“Visible Men and Women: A Video Exploration of (Some) African American Students at St. Thomas,” the next session in the Diverse Voices series, will be held from 3 to 5 p.m. Tuesday, Feb. 27, in the third-floor lounge, Murray-Herrick Campus Center.

Faculty and staff should have received a cherry-colored flier in their mailboxes. Registration deadline is Thursday, Feb. 22. For more information, call (651) 962-6020.

In his panoramic novel of fragmented identity in a divided world, Invisible Man, Ralph Ellison’s protagonist struggles to define himself in a world that can only see him as representative of his race, as a black man in a white world.  Without a distinct identity, he becomes, both for others and himself, invisible.
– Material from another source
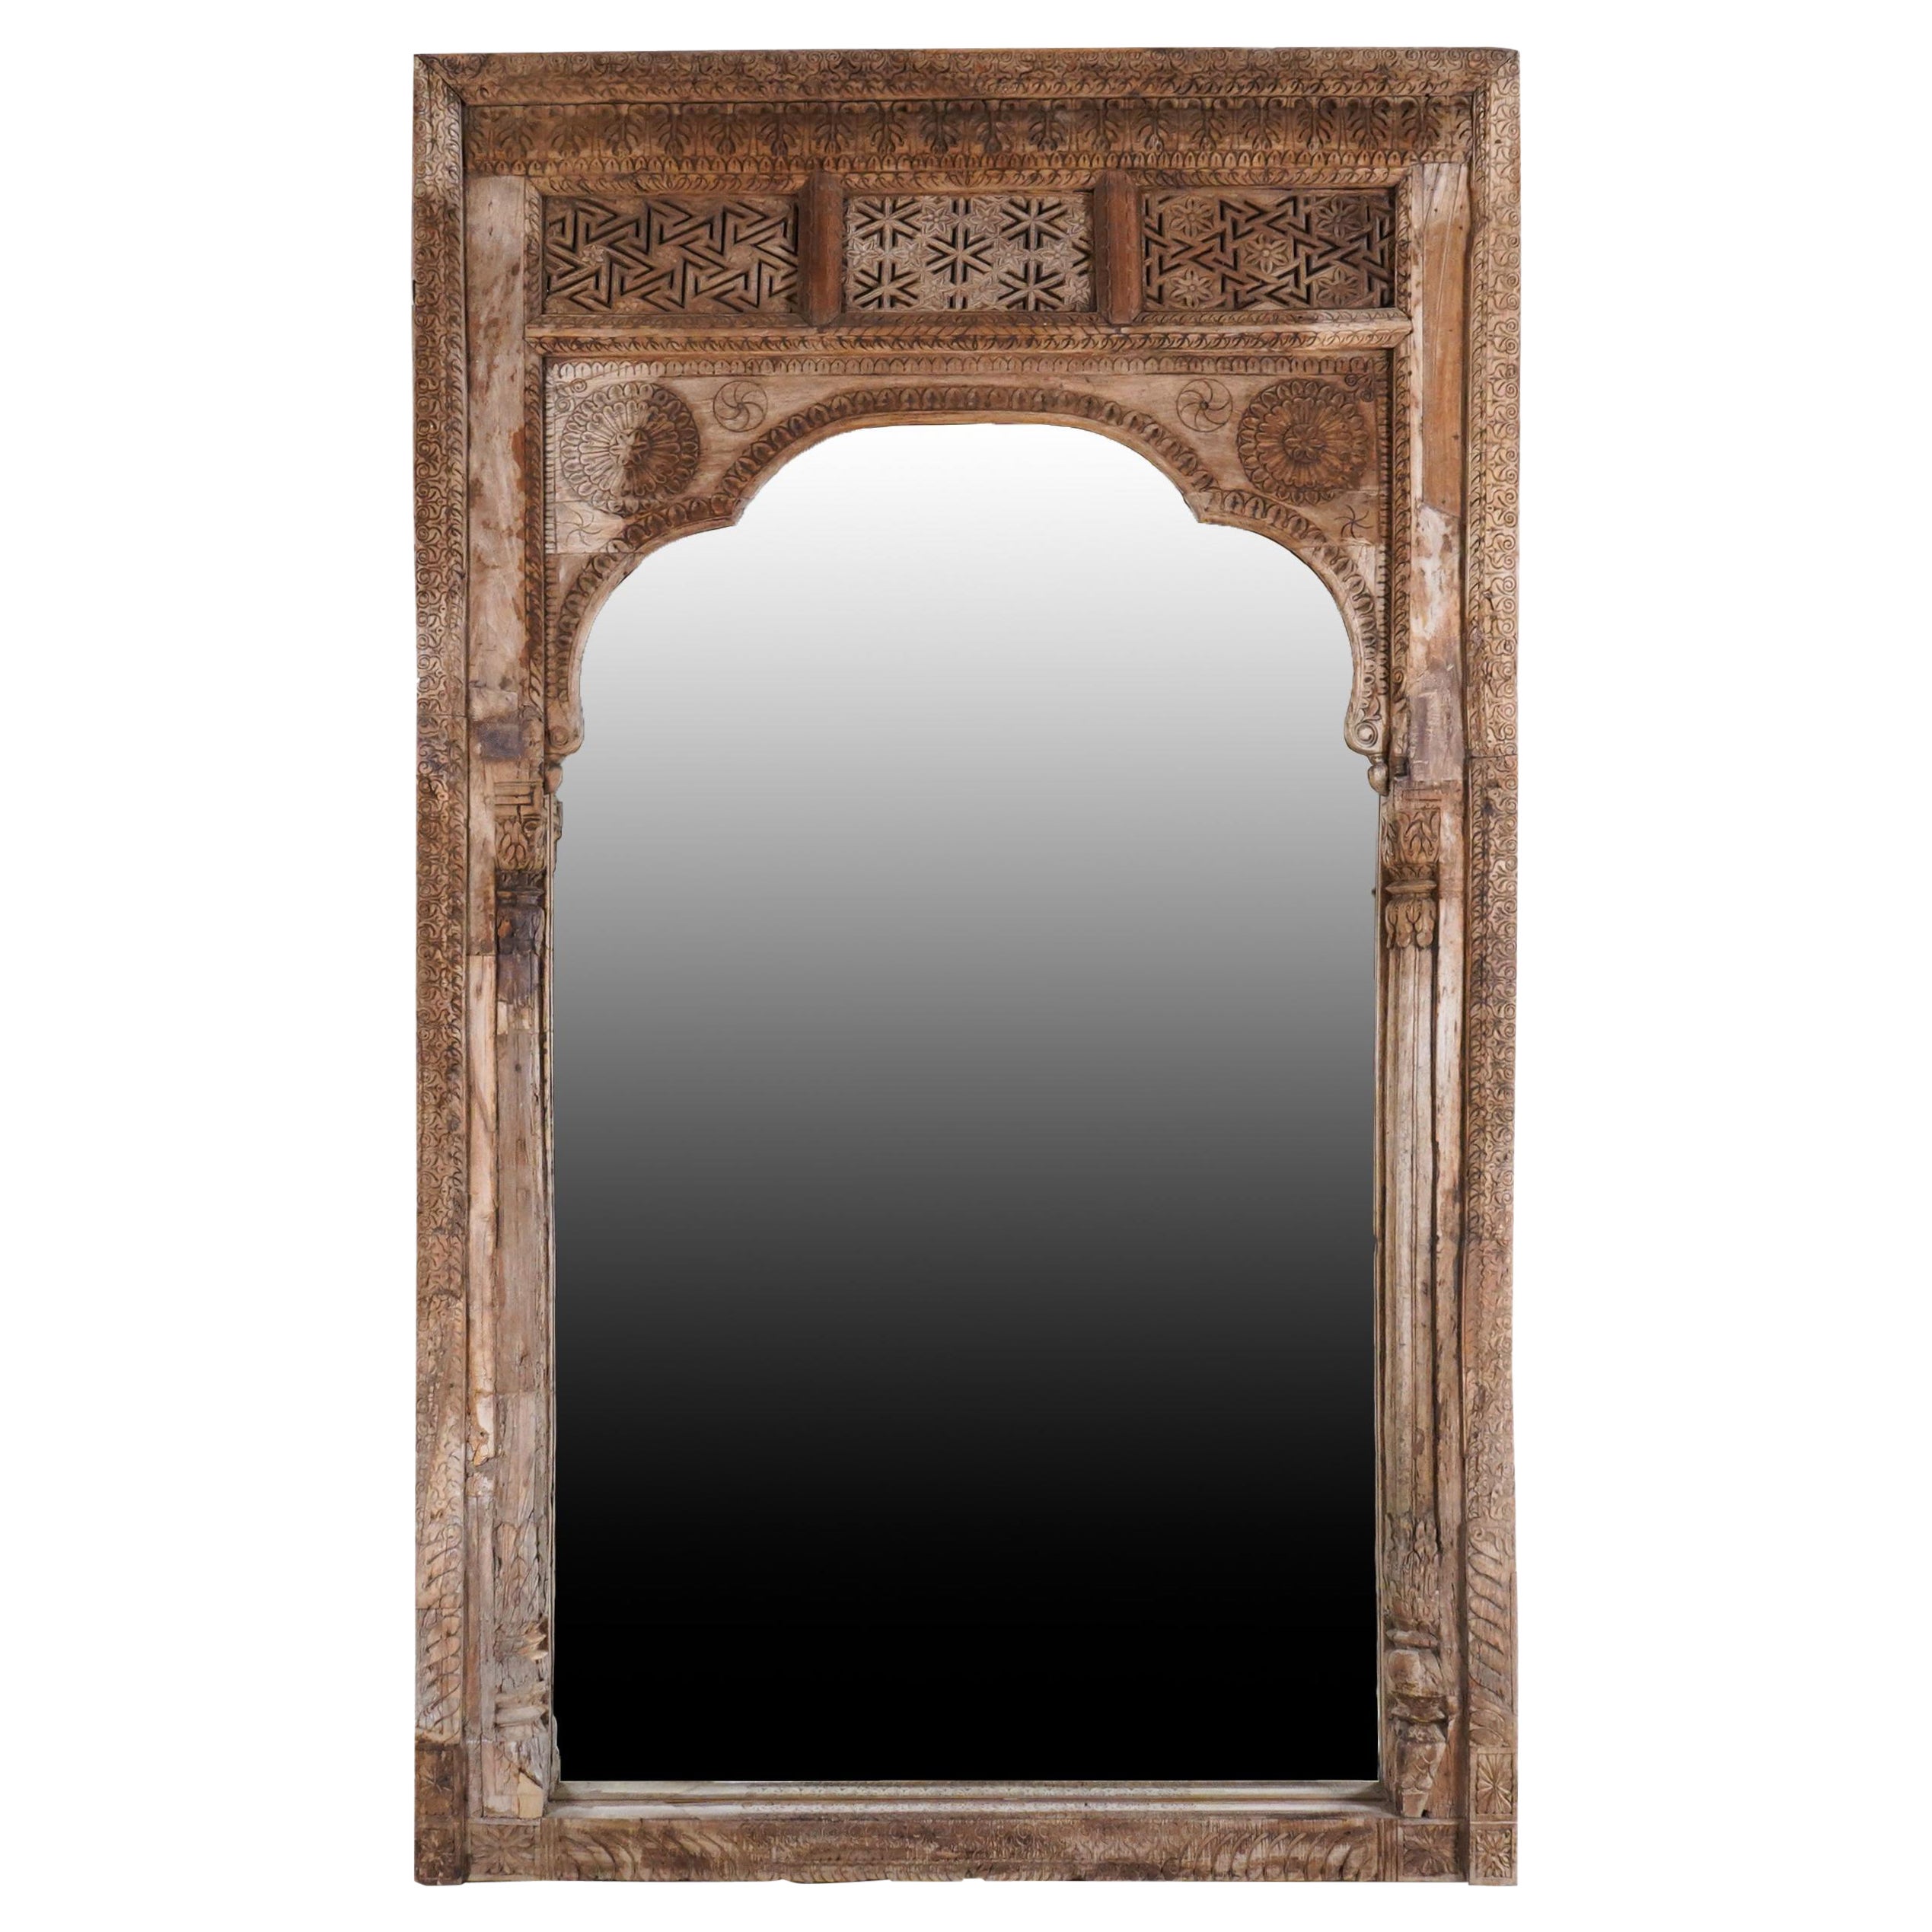 A Carved Mirror Frame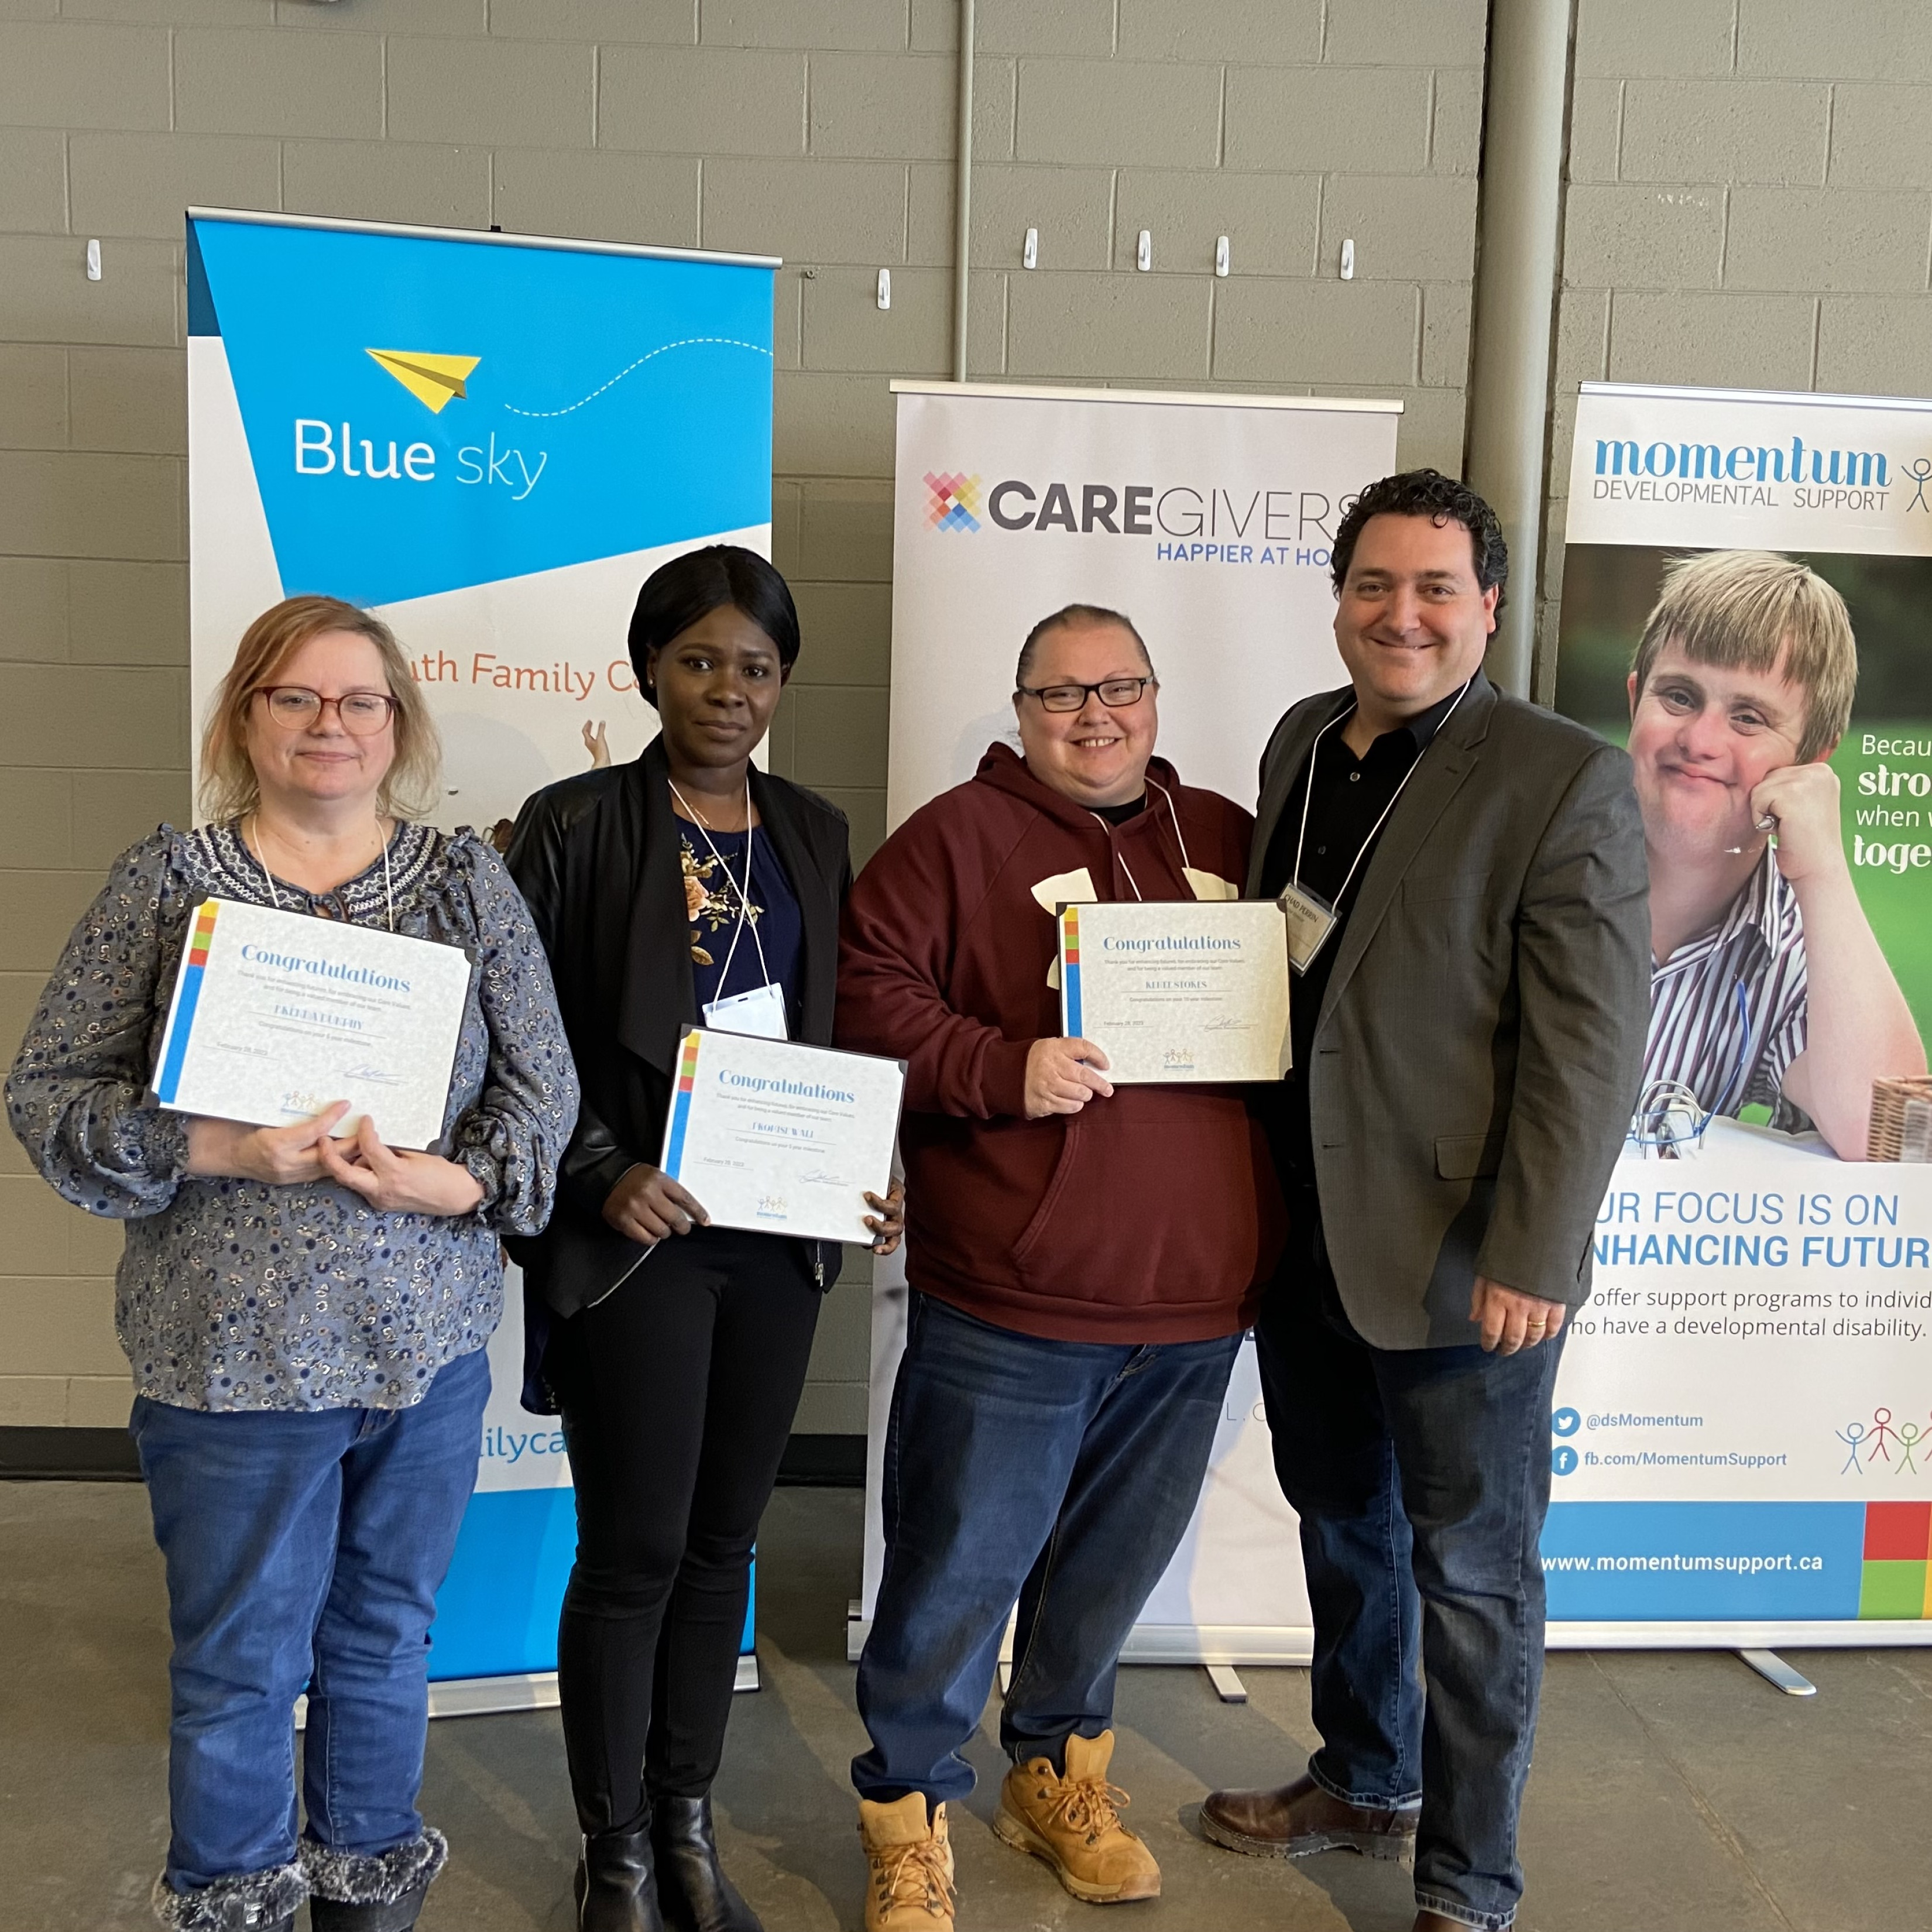 A group of four people hold up certifications in front of signage for Caregivers, Momentum, and Blue Sky.

This Diverse Voices discussion will focus on a 30-minute video portrait of some African American students at UST who speak out as the next generation of leaders both within and beyond the university.  Sociologist Steven Lybrand from St. Thomas and videographer Michael Sutz explore the experiences of these students who have refused to remain invisible. Students and their parents talk about their decision to come to a university that remains overwhelmingly white and suburban even while proclaiming itself to be an “urban” institution. 

They also talk about the existential and social challenges — positive and negative — they face every day as distinct individuals in situations that cast them as the representative “other.”  They also share their reflections on some of the problems facing the larger society as it moves toward a culture that is less monocultural and more inclusive.  Finally, they discuss whether they would make the same decision to come to UST given what their experiences have been here.

Raj Sethuraju, Multicultural Student Services, and Lybrand will lead a discussion about the film.